No Terra de Direitos
Vanderlei
Matos da Silva trabalhava na empresa multinacional Del Monte Fresch
Produce Brasil LTDA (Del Monte), uma das maiores empresas de produção e
comercialização de frutas do mundo. Iniciando seu contrato em abril de
2005, o trabalhador tinha como função, auxiliar no preparo da solução de
agrotóxicos utilizado para ser borrifado sobre a lavoura de
fruticultura da empresa Del Monte. Vanderlei residia na comunidade de
Cidade Alta, no município de Limoeiro do Norte, cerca de 200 km de
Fortaleza/CE. Esse município está localizado na Chapada do Apodi,
atualmente marcada pela presença de grandes empresas do agronegócio
produtoras de frutas para exportação. É nessa região, abastecida pelo
Rio Jaguaribe e o aquífero Jandaíra, que a empresa Del Monte estruturou
suas fazendas.
A partir de julho de 2008, o trabalhador passou a
sentir fortes dores de cabeça, febre, falta de apetite, olhos amarelados
e inchaço no abdômen. Em agosto do mesmo ano esses sintomas se
agravaram, obrigando o empregado a se afastar do serviço. Em 30 de
novembro, menos de três meses após o agravamento de suas condições de
saúde, veio a falecer com diagnóstico de Insuficiência Renal Aguda,
Hemorragia Digestiva Alta e Insuficiência Hepática Aguda.
Embora a Empresa realizasse exames de saúde semestrais, o resultado desses exames nunca chegou às mãos do ex-empregado
ou de sua companheira, contrariando o art. 168, § 5° da Consolidação
das Leis Trabalhistas (CLT).
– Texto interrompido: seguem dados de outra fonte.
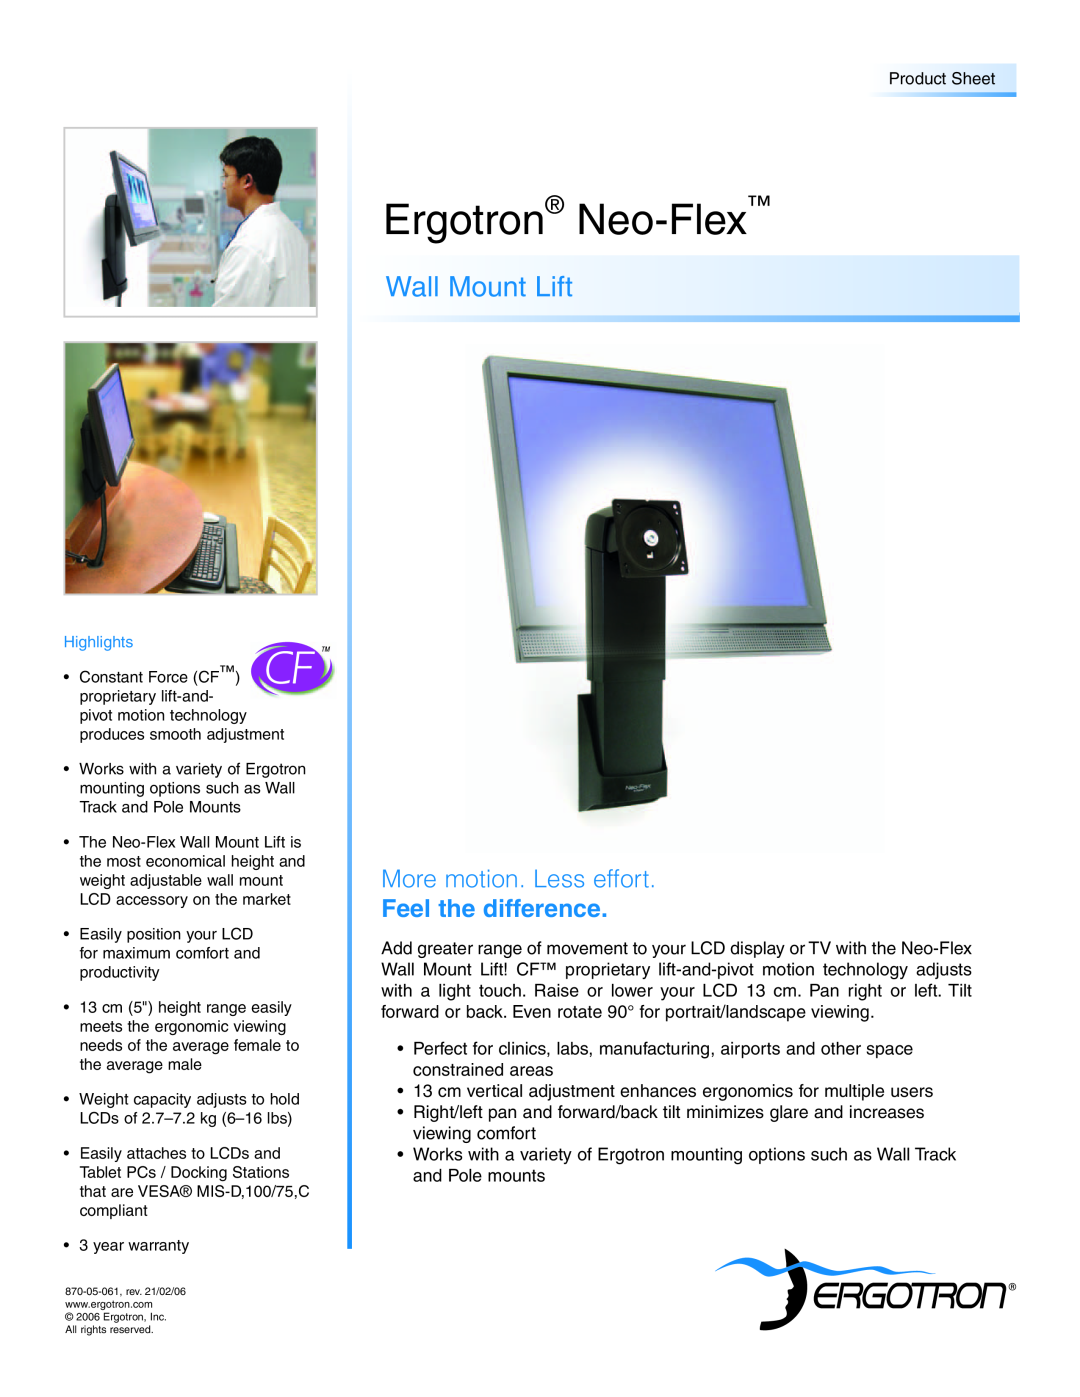 Ergotron Wall Mount Lift warranty Ergotron Neo-Flex, More motion. Less effort, Feel the difference

Durante o período em que trabalhou a Del
Monte cometeu diversas irregularidades e ilegalidades: trabalhava sob
jornada exaustiva, pois além das oito horas diárias, a qual se alternava
entre os períodos noturno e diurno, eram necessárias pelo menos duas
horas para se locomover até o local de trabalho; seu horário de trabalho
não era fixo, dependendo da demanda da produção, concluía a jornada às
2h30 da manhã, outras vezes às 6h.
Depois da trágica perda, a viúva de Vanderlei ingressou com ação na Justiça do Trabalho (Reclamação Trabalhista nº 0129000-52.2009.5.07.0023,
que tramita na Justiça do Trabalho em Limoeiro do Norte, Ceará). Nessa
ação se pede que Justiça condene a Del Monte: 1. Ao pagamento de horas
extras; 2. Ao pagamento das horas de trajeto (horas in intinere),
ou seja, o tempo de deslocamento do trabalhador de casa para a empresa,
prevista na legislação trabalhista; 3. Que o reflexo dessas horas sobre
as verbas trabalhistas; 4. À indenização por danos materiais e morais,
causados pela morte do trabalhador.
Além da questão das horas
extras, que são parte do contexto das jornadas exaustivas dos
trabalhadores da fruticultura, a discussão fundamental é sobre a relação
(nexo de causalidade) entre o trabalho exposto ao contato com
agrotóxicos e a morte do empregado.
Após um longo processo –
quase cinco anos – a Justiça do Trabalho de Limoeiro do Norte condenou a
empresa Del Monte ao pagamento das horas extras e verbas trabalhistas
devidas, além de indenização pelos danos morais e patrimoniais. Os
valores podem ultrapassar R$ 350 mil. Dessa decisão, a Del Monte
apresentou recurso que aguarda julgamento pelo Tribunal Regional do
Trabalho da 7ª Região, localizado em Fortaleza.
A longa luta por justiça…
A
ação foi iniciada em maio de 2009, mas apenas em agosto de 2013 se tem
decisão em primeira instância. Em parte, a demora do processo se deve a
uma longa investigação do Ministério Público do Trabalho sobre a morte
do trabalhador. Esse procedimento (Inquérito Civil nº 000379.2009.07.003/4)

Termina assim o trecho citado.